This told essay is based on a conversation with Hany Farid, a digital forensics expert and former professor at the University of California, Berkeley. Mr. Farid is also the co-founder of GetReal, a digital forensics and cybersecurity startup. Edited for length and clarity.
The average person on the internet today cannot tell if an image, video, or audio recorded in their feed is real.
We did a perceptual study on this. The human visual and auditory systems are not sufficient to perform this task reliably.
That doesn’t mean you can’t say it. We have calculation tools and math tools. Can you give me some content and some time? Yes, I’ll figure it out.
But there’s a big difference between what we do at GetReal, the digital forensics startup I co-founded, and what the average person doomscrolling on social media can do.
I started studying digital forensics at a time when the field was almost non-existent.
I began my academic career at Dartmouth College in 1999.
It’s hard to remember 1999. We lived in an almost analog world. We were still taking pictures with film. Digital cameras began to appear. The Internet was emerging, but there was very little. Social media didn’t really exist.
No one knew where this was going. I started thinking about digital evidence in court, which is inherently flexible. At the time, no one thought this was a problem, and they were right. I thought it might happen, because the digital revolution doesn’t seem to be stopping. So we started this very bespoke, niche, small, weird field called digital forensics. The paper was written by just me and a few talented graduate students from Dartmouth College. Everyone was like, “This is cool, but what does this have to do with anything?”
Then digital became popular. A citizen journalist appeared. We started seeing Associated Press and Reuters saying, “How do we know this photo that someone sent us is real?”
Over the years, the issue has expanded from monthly media and court hearings and national security hearings once a year to daily.
Suddenly, our entire world is turned upside down.
In the early days, fake images often left clues
When I first started in my field, I was mainly thinking about photography. It was very difficult to manipulate the video. It’s 24-30 frames per second and has an audio track. Tools like Photoshop have made it easy to manipulate images.
Fortunately, it still required skill to operate. Then you will find the mistake. You will find an artifact. There were misplaced shadows, wrong geometry, and wrong sizes. There may be metadata indicating that the photo was edited in Photoshop.
No skills are required today. No time required. You don’t need anything. All you need is a keyboard and an internet connection. You can type in, “Do this for this image, audio, or video,” and the AI will take over and do amazing things, things that were unimaginable 5-10 years ago.
AI-generated content is becoming visually indistinguishable
With any technology, you don’t have to see where the puck is. Let’s see where the puck goes.

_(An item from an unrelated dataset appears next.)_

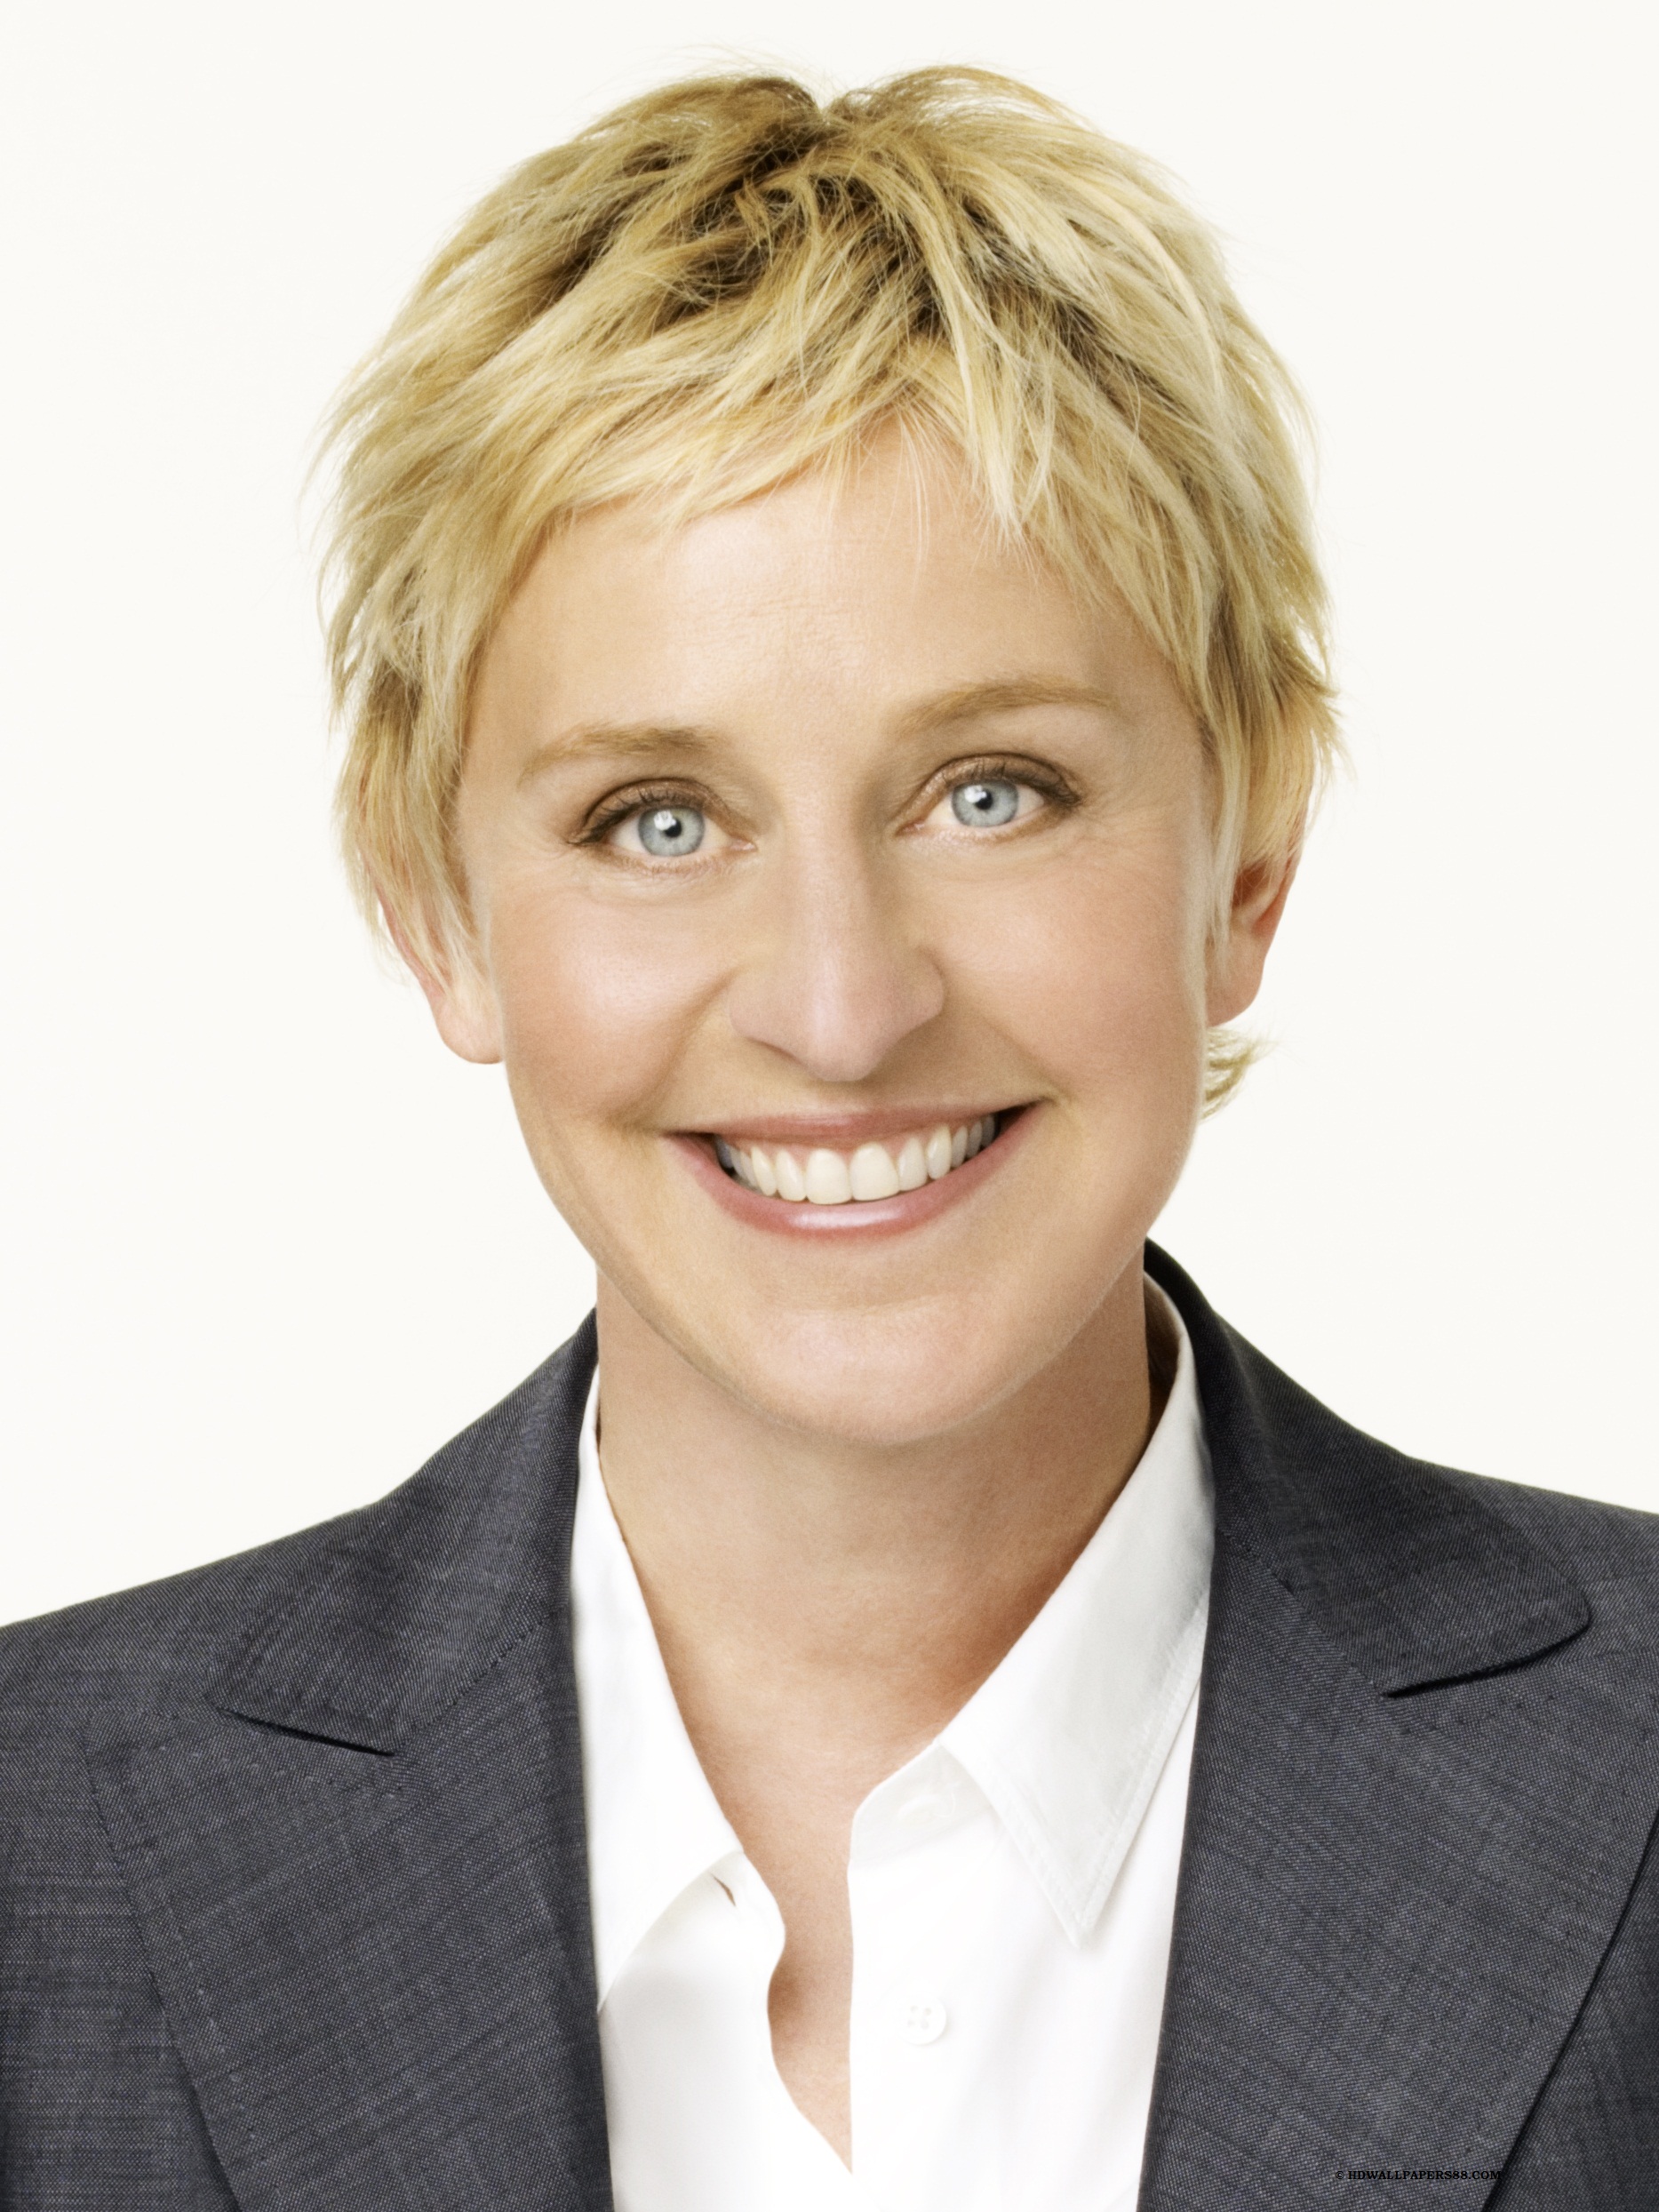 American Edian Tv Host Actress Writer And Producer Ellen

We knew we would reach a point where the content would become visually indistinguishable. They are not necessarily computationally indistinguishable, but visually they become indistinguishable.
Images were probably the first to cross the uncanny valley. Then there was the voice, with inflections, laughter, and pauses.

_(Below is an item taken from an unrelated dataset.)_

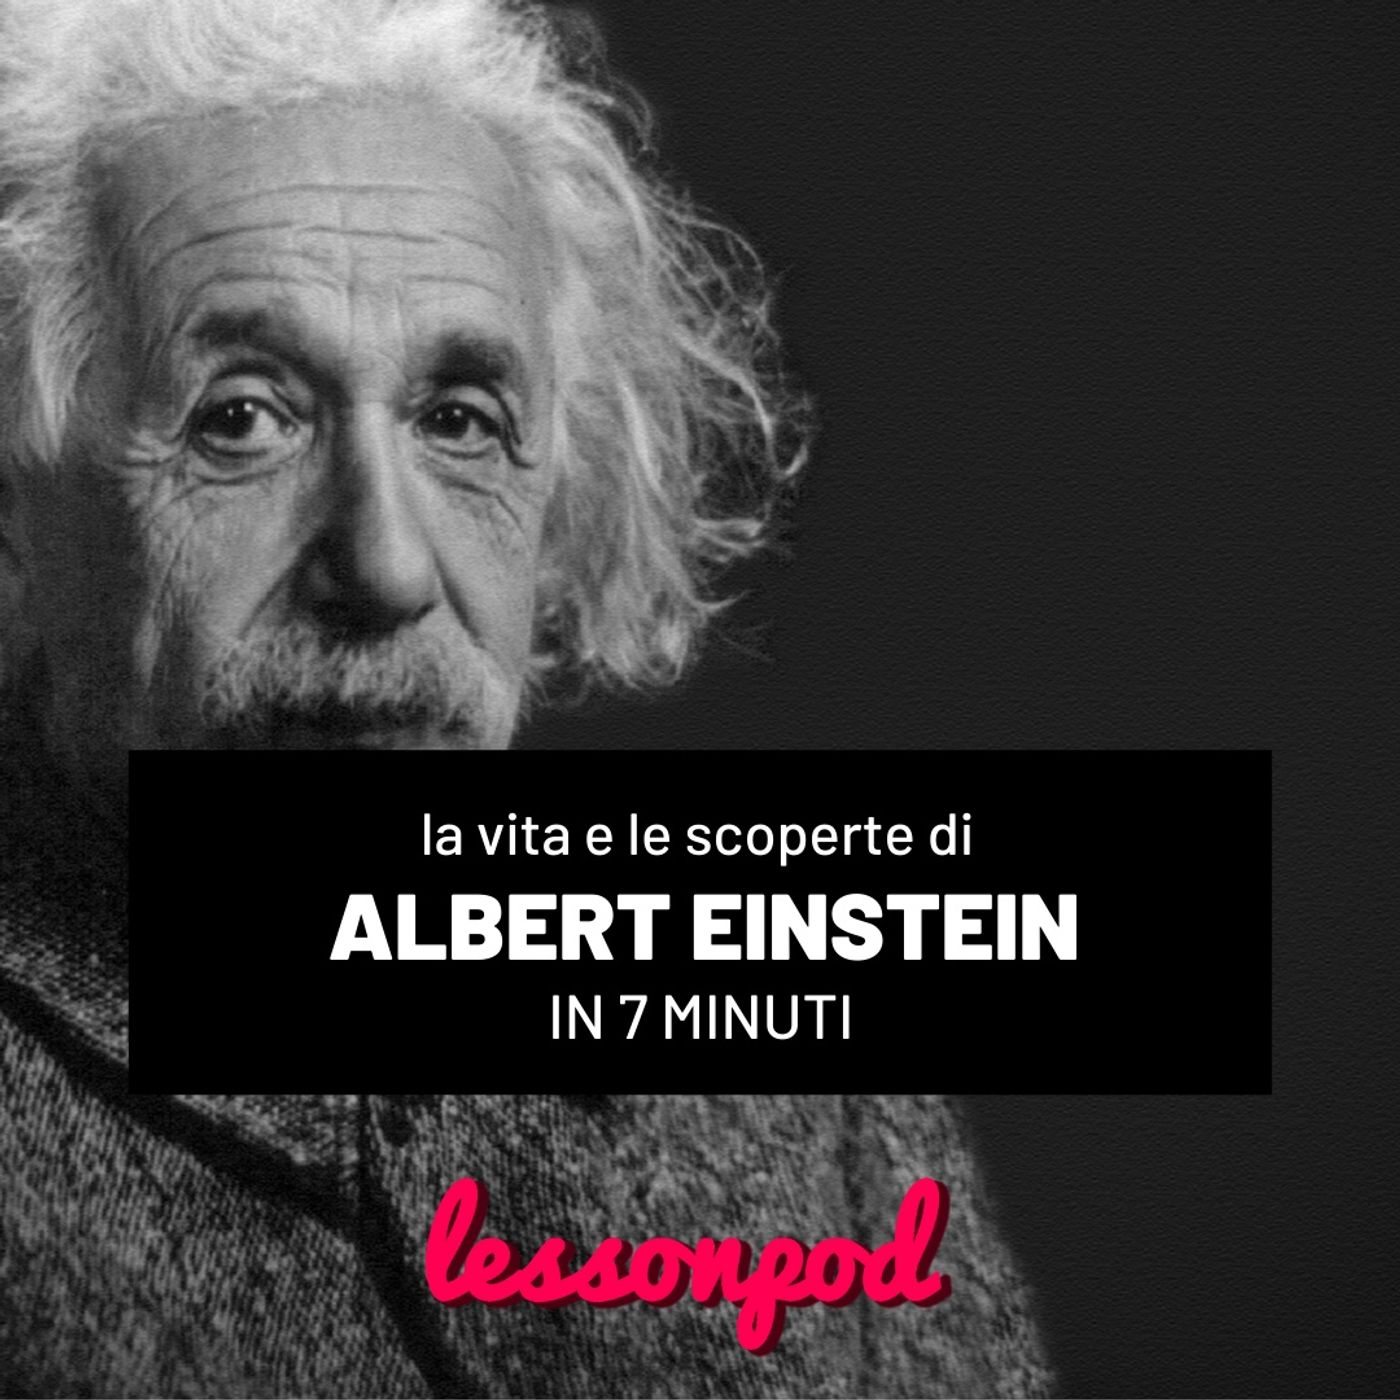 La vita e le scoperte di Albert Einstein in 7 minuti

The footage is now running through the uncanny valley. If someone gives me 30 minutes of HD video, it’s probably not AI. But when it’s 15 to 30 seconds long (a typical video seen online), it’s hard to tell based on visual cues alone. For now.
AI-generated videos used to be around 4 seconds long. Now some of them can be strung together to reach 30 or 40 seconds.
The content will continue to improve. It will be cheaper and easier to use. And it will become ubiquitous.
You can investigate fakes, but your internet speed will be faster
Generative AI knows nothing about the 3D world. I don’t know about physics or shadows. I say “I know” in air quotes.
AI can produce things that are very good for the human brain. But the physics are slightly wrong.
As long as you are doing something physically impossible, we have a signal that we can detect.
In some cases, spotting a fake can be very quick and relatively easy. If you find something wrong, that’s it.
Conversely, authenticating something is much more difficult. No matter how many tests I run, I can’t find anything wrong. Does that mean it’s real? not much. means nothing was found.
On average, the task may take about an hour. But an hour is a long time on the internet. It is eternal in nature.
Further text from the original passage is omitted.